Every day, businesses operate around the clock and a huge amount of data is generated at a rapid pace. Hidden in this data are key patterns and behaviors that can help you and your business understand your customers at a deep, fundamental level. Are you ready to enter the exciting world of data analytics and unlock these useful insights?

Written by a team of expert data scientists who have used their data analytics skills to transform businesses of all shapes and sizes, The Applied SQL Data Analytics Workshop, Second Edition is a great way to get started with data analysis, showing you how to effectively sieve and process information from raw data, even without any prior experience.

The book begins by showing you how to form hypotheses and generate descriptive statistics that can provide key insights into your existing data. As you progress, you'll learn how to write SQL queries to aggregate, calculate and combine SQL data from sources outside of your current dataset. You'll also discover how to work with different data types, like JSON. By exploring advanced techniques, such as geospatial analysis and text analysis, you'll finally be able to understand your business at a deeper level. Finally, the book lets you in on the secret to getting information faster and more effectively by using advanced techniques like profiling and automation.

By the end of The Applied SQL Data Analytics Workshop, Second Edition, you'll have the skills you need to start identifying patterns and unlocking insights in your own data. You will be capable of looking and assessing data with the critical eye of a skilled data analyst.

Audience

If you are a database engineer who is looking to transition into analytics or someone who knows SQL basics but doesn't know how to use it to create business insights, then this book is for you.

About the Chapters

Chapter 1, Introduction to SQL for Analytics, helps you learn the basics of data analytics and SQL. You will learn how to use mathematical and graphical techniques to analyze data using Excel. You will then learn the role of SQL in the world of data and how to use basic SQL to manipulate data in a relational database.

Chapter 2, SQL for Data Preparation, shows you how to clean and prepare data for analysis using SQL techniques. You will begin by first learning how to combine multiple tables and queries together into a dataset, before moving on to more advanced material.

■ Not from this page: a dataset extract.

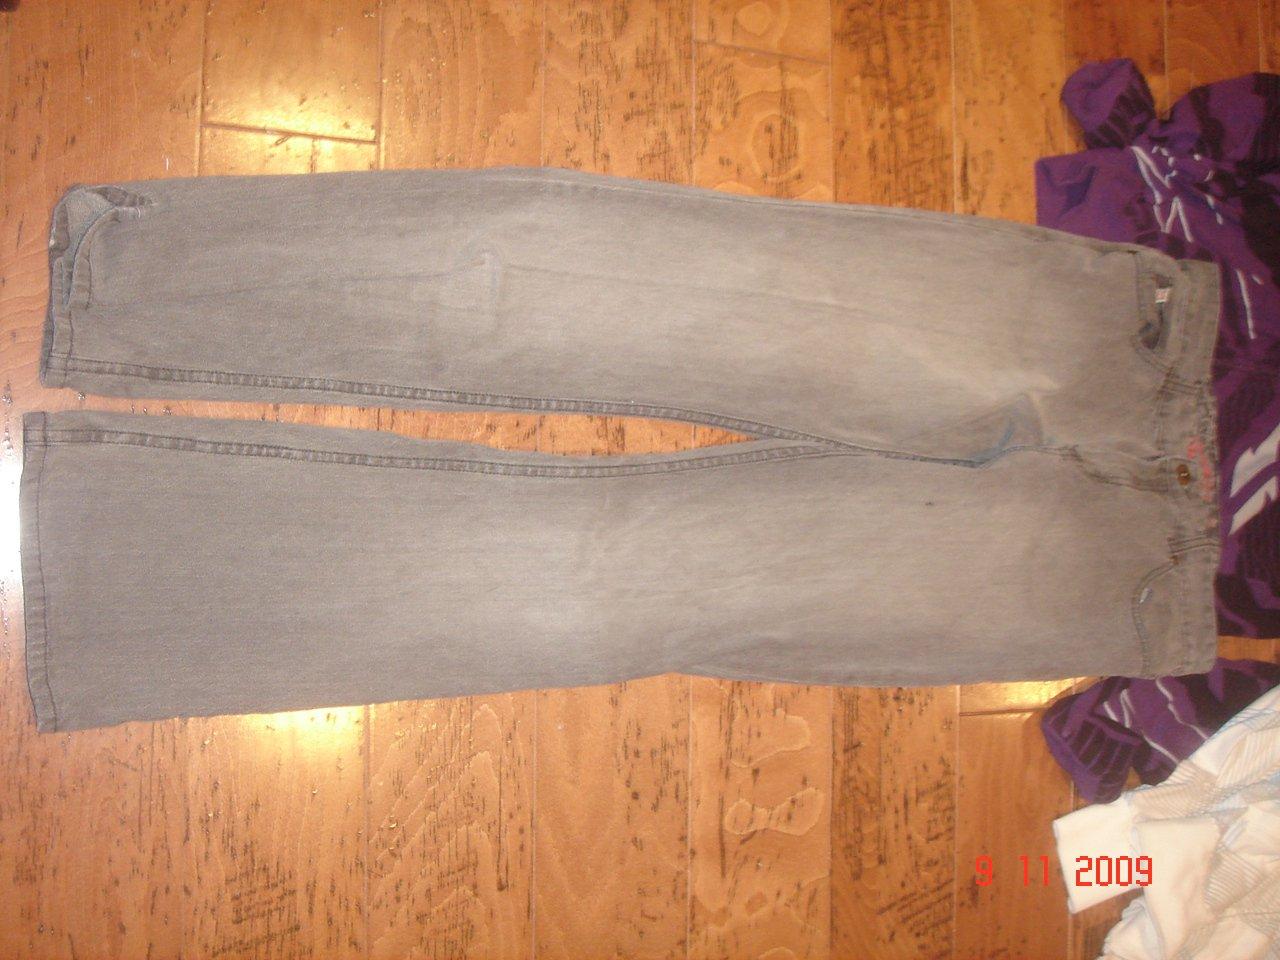 Split pants

Chapter 3, Aggregate and Window Functions, covers SQL's aggregate and window functions, which are powerful techniques for summarizing data. You will be able to apply these functions to gain new insights into data and understand the properties of datasets, such as data quality.

Chapter 4, Importing and Exporting Data, provides you with the necessary skills to interact with your database from other software tools (such as Excel, R, and Python).

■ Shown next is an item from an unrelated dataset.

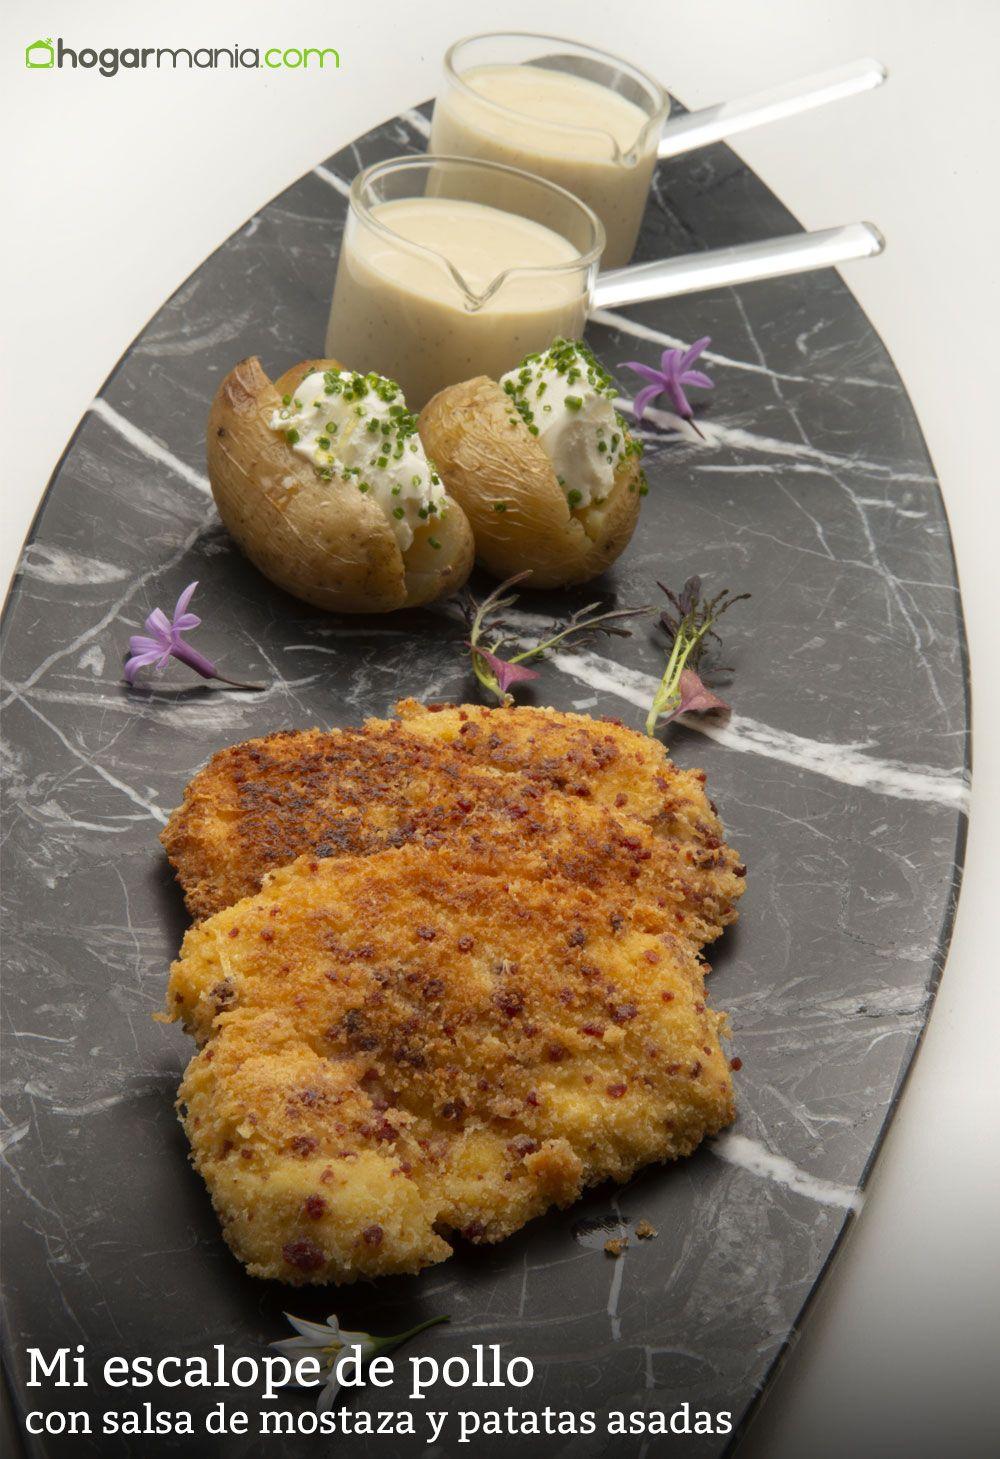 Mi escalope de pollo con salsa de mostaza y patatas asadas

Chapter 5, Analytics Using Complex Data Types, gives you a rich understanding of the various data types available in SQL and shows you how to extract insights from datetime data, geospatial data, arrays, JSON, and text.

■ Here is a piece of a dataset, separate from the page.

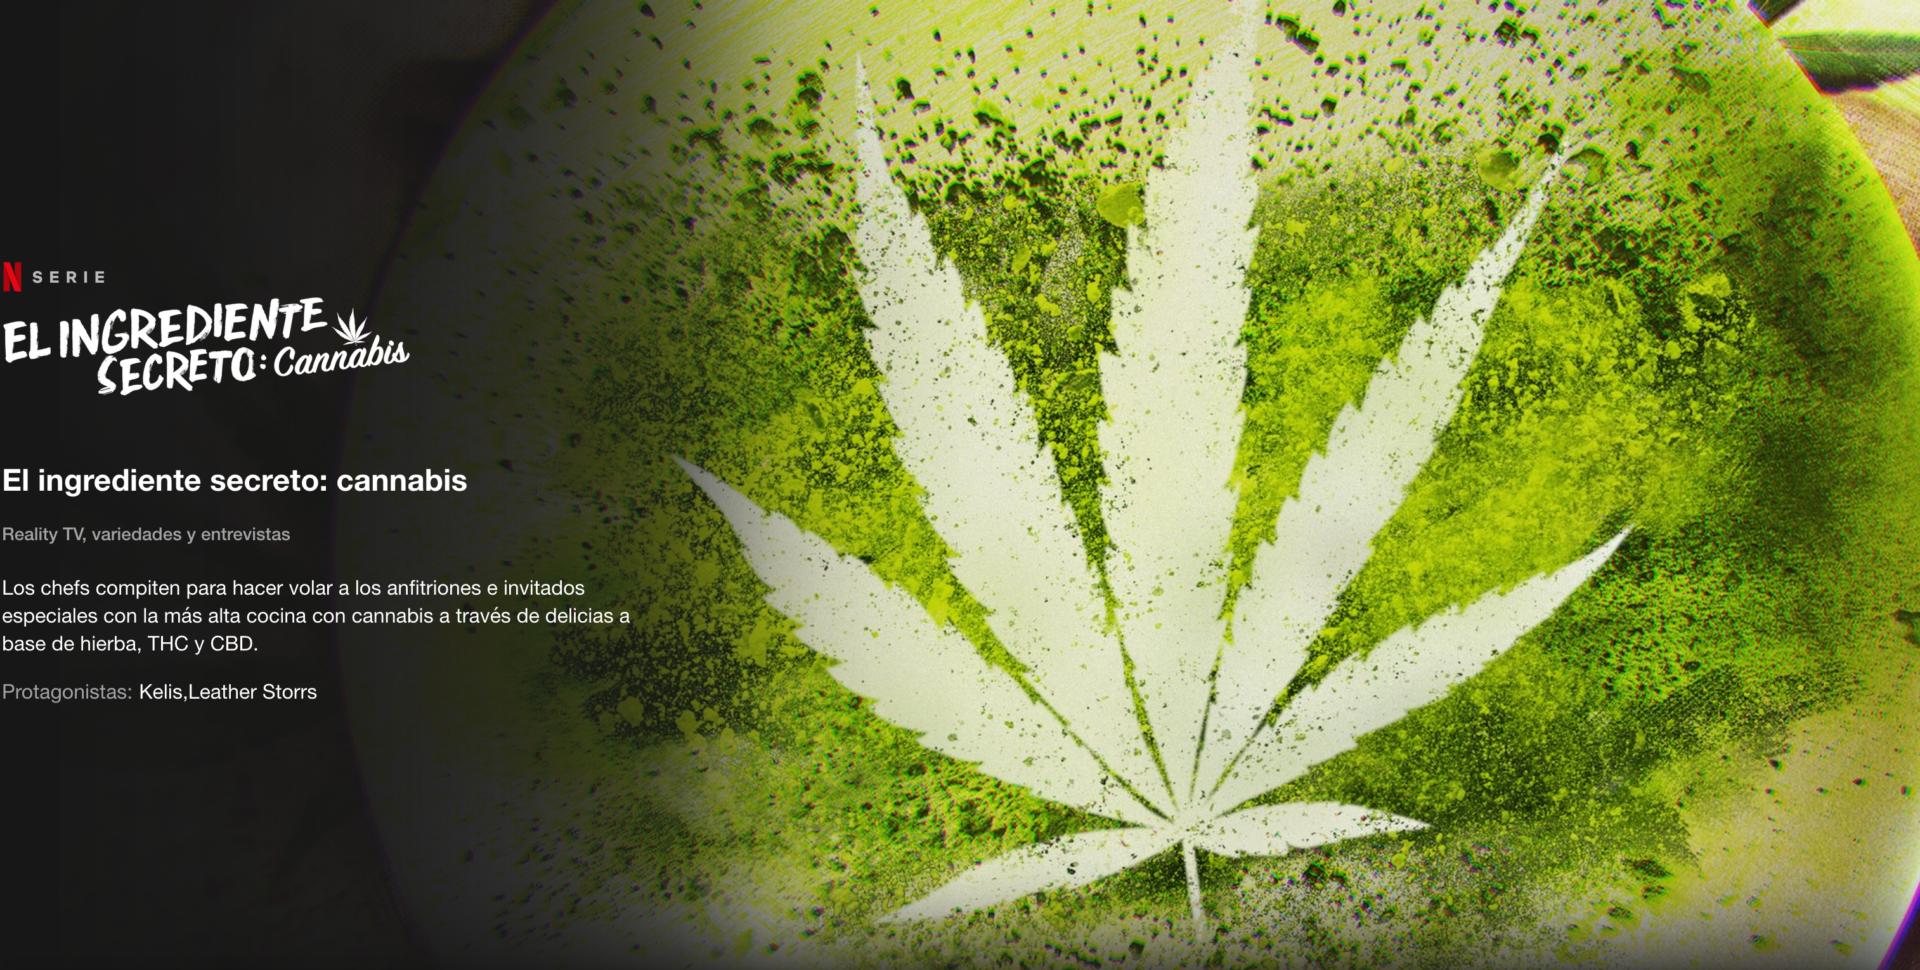 El Ingrediente Secreto: Cannabis

Chapter 6, Performant SQL, helps you optimize your queries so that they run faster. In addition to learning how to analyze query performance, you will also learn how you can use additional SQL functionality, such as functions and triggers, to expand the default functionality.

Chapter 7, The Scientific Method and Applied Problem Solving, reinforces your acquired skills to help you solve real-world problems outside of those described in this book. Using the scientific method and critical thinking, you will be able to analyze your data and convert it into actionable tasks and information.

Conventions

Code words in text, database table names, folder names, filenames, file extensions, pathnames, dummy URLs, user input, and Twitter handles are shown as follows: "Three of the columns, Year of Birth, Height, and Number of Doctor Visits, are quantitative because they are represented by numbers."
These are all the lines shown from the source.